Exercise requirements
Some lines below hold "clear". Pick them out and copy them.

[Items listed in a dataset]
+---+

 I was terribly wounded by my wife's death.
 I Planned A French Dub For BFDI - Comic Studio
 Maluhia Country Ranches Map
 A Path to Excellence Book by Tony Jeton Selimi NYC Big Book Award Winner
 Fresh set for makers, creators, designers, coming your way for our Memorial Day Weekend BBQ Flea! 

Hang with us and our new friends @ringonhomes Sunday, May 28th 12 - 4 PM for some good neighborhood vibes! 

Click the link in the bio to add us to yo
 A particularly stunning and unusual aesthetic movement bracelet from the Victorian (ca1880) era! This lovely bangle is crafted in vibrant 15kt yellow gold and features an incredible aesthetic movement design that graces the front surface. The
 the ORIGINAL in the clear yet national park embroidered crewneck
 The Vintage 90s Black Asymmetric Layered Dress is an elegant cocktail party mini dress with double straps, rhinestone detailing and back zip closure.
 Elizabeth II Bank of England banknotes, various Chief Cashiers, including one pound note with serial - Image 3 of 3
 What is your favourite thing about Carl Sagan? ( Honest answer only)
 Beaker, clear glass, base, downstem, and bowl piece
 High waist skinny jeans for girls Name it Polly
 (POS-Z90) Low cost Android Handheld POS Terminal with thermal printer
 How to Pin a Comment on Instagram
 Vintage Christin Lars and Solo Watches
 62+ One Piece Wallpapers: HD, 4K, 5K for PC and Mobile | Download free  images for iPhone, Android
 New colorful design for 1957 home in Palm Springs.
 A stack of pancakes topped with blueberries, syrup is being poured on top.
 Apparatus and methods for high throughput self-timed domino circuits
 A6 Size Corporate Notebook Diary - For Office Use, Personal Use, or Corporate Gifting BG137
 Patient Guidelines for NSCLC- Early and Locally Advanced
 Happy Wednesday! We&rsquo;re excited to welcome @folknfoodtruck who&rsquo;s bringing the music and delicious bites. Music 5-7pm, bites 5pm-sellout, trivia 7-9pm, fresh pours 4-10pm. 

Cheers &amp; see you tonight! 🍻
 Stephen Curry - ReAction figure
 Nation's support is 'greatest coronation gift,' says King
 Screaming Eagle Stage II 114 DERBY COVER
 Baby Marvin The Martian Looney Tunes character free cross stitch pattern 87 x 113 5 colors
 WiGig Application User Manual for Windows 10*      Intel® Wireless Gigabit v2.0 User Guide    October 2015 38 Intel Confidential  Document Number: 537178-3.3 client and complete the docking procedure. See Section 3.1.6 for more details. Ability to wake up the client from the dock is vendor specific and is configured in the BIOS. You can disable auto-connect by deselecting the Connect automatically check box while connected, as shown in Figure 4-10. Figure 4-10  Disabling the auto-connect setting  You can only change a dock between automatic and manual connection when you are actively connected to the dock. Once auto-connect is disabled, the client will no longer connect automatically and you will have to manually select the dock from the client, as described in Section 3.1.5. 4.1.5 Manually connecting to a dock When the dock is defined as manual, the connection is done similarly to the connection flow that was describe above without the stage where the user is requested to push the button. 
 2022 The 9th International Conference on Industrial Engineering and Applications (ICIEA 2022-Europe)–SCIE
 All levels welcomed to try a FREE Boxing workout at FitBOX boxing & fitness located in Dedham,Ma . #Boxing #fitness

+---+

Response box
 the ORIGINAL in the clear yet national park embroidered crewneck
 Beaker, clear glass, base, downstem, and bowl piece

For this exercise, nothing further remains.